## What is needed
Every line below must come back exactly as it stands, with the images omitted.

## Data segment
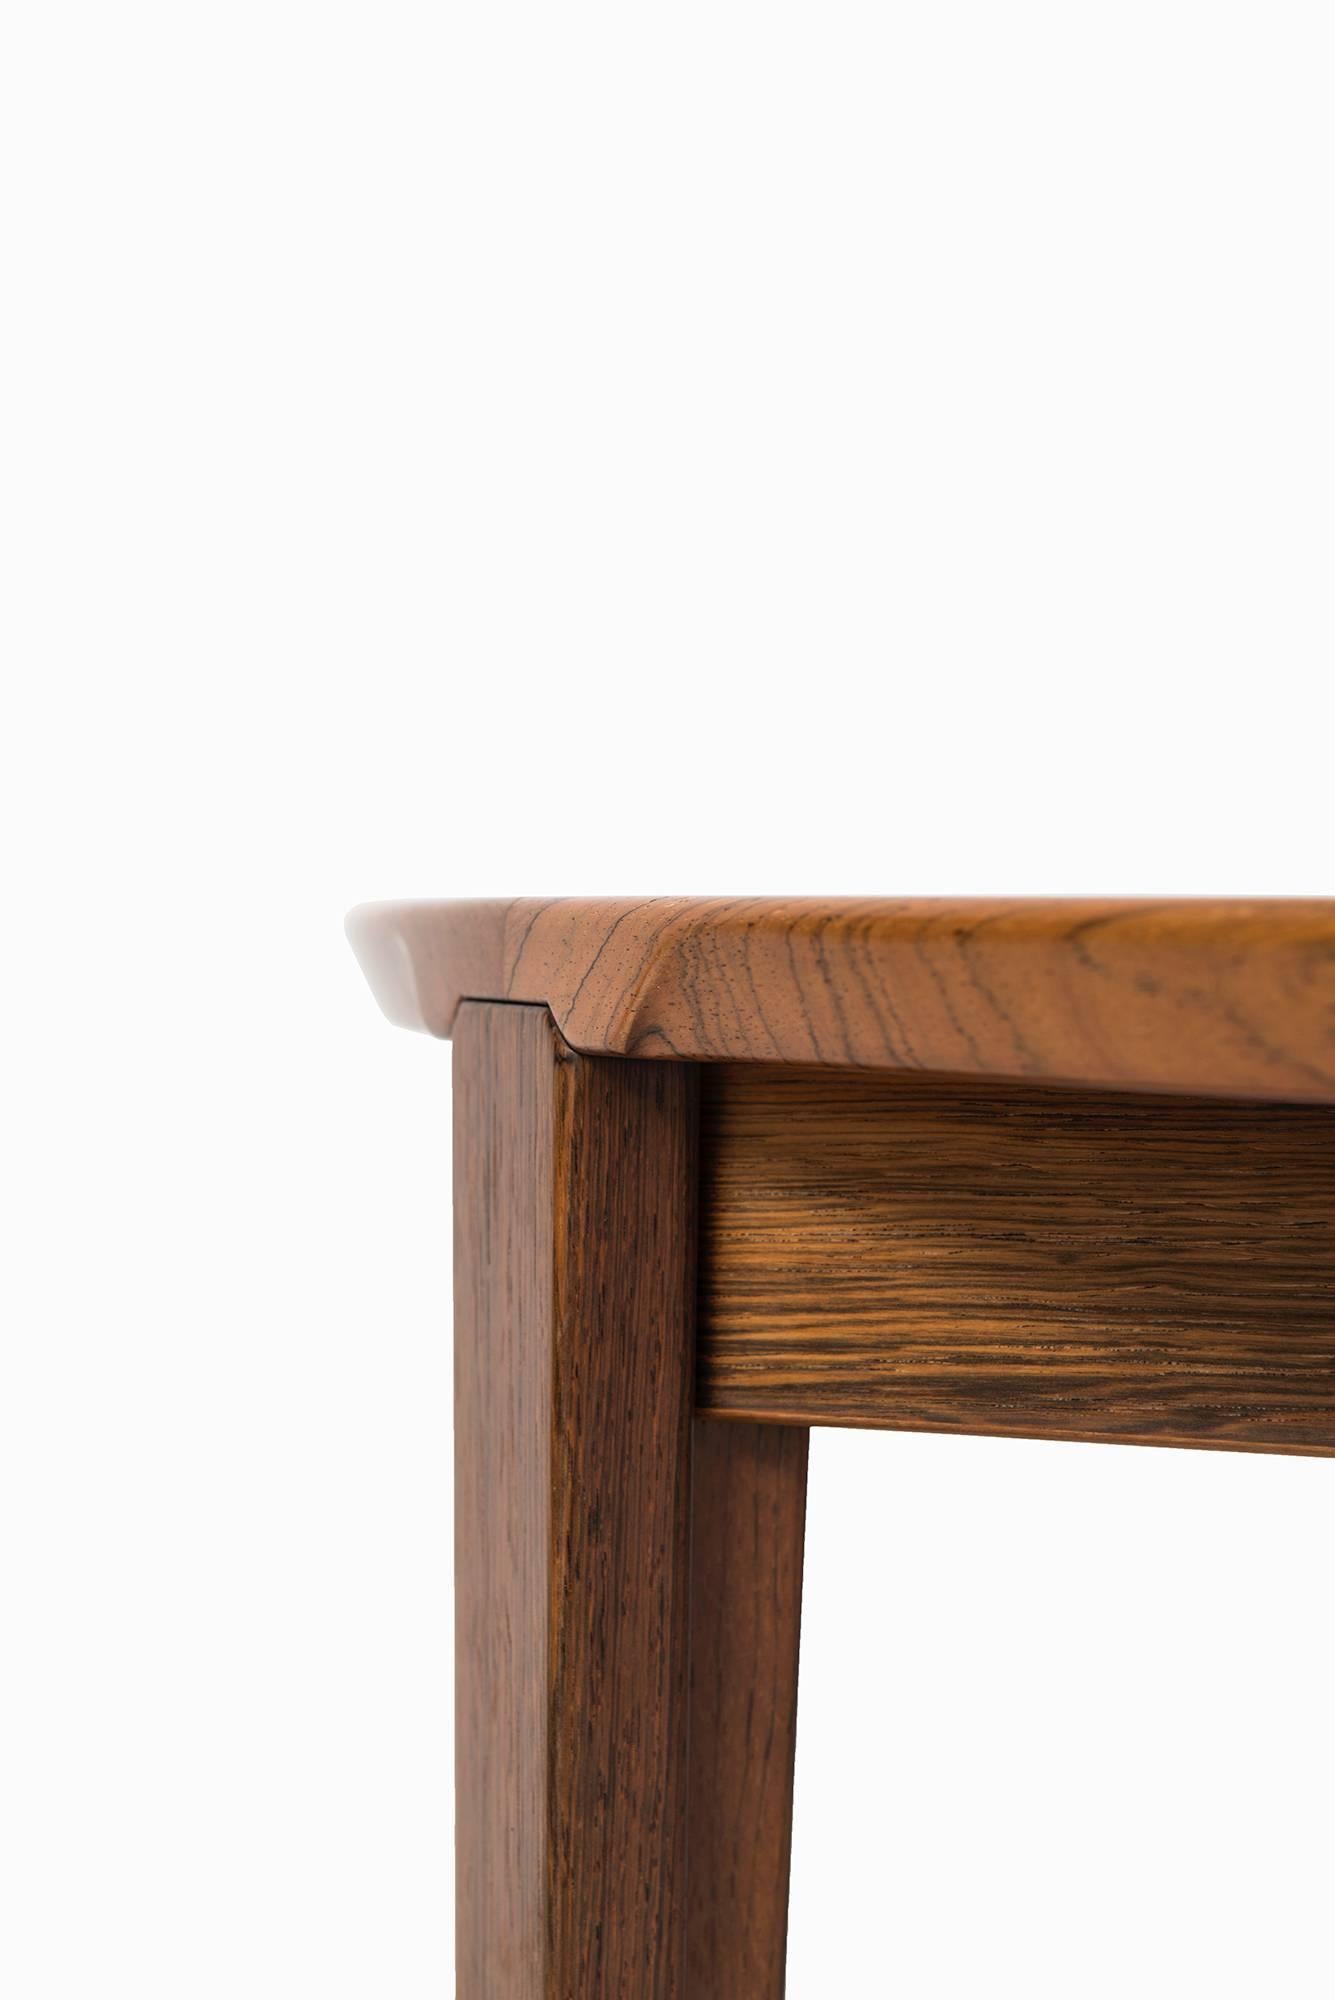 Rare dining table model 38 designed by Henry Rosengren Hansen. Produced by Brande Møbelindustri in Denmark.
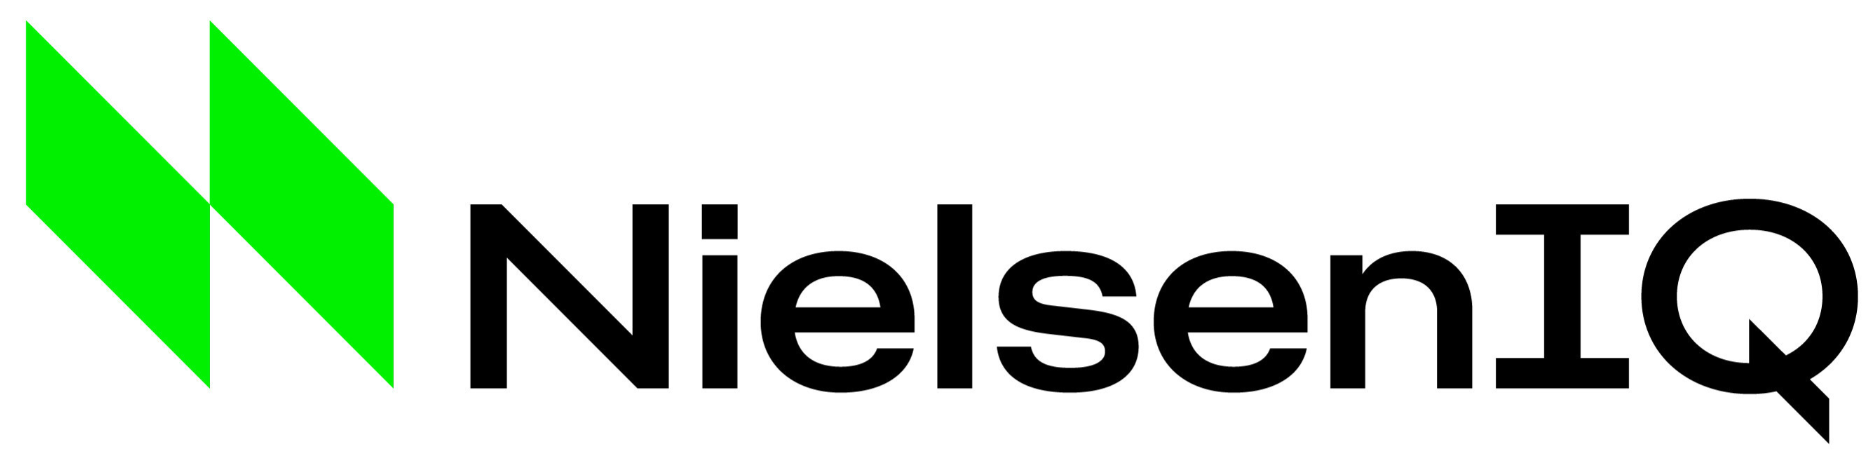 Nielsen - 
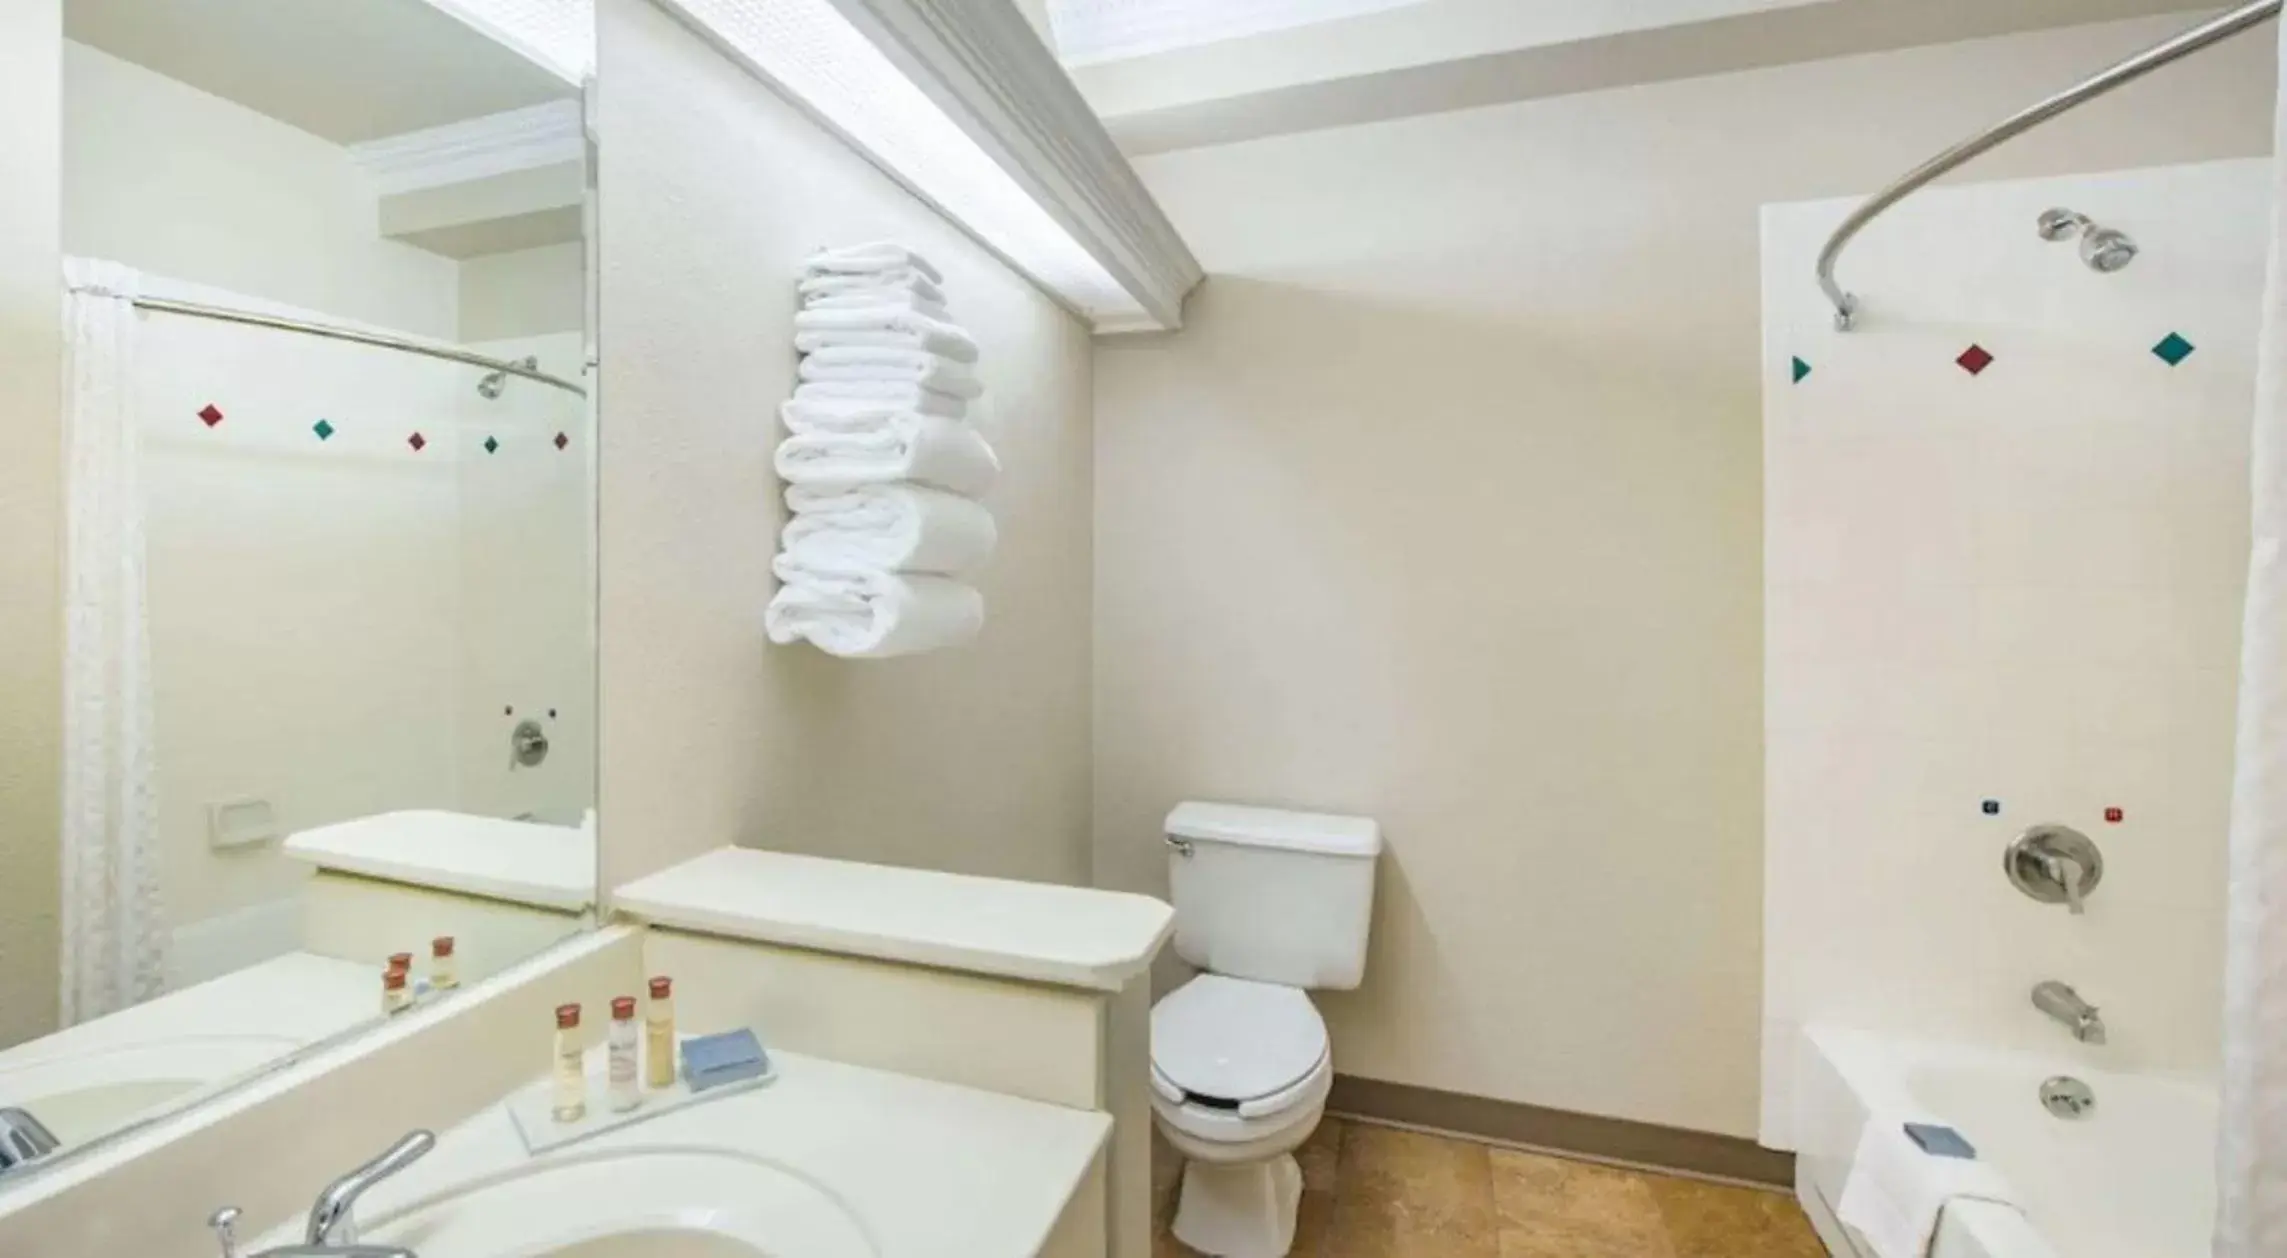 Bathroom in Rodeway Inn & Suites

## Answer for the task
 Rare dining table model 38 designed by Henry Rosengren Hansen. Produced by Brande Møbelindustri in Denmark.
 Nielsen - 
 Bathroom in Rodeway Inn & Suites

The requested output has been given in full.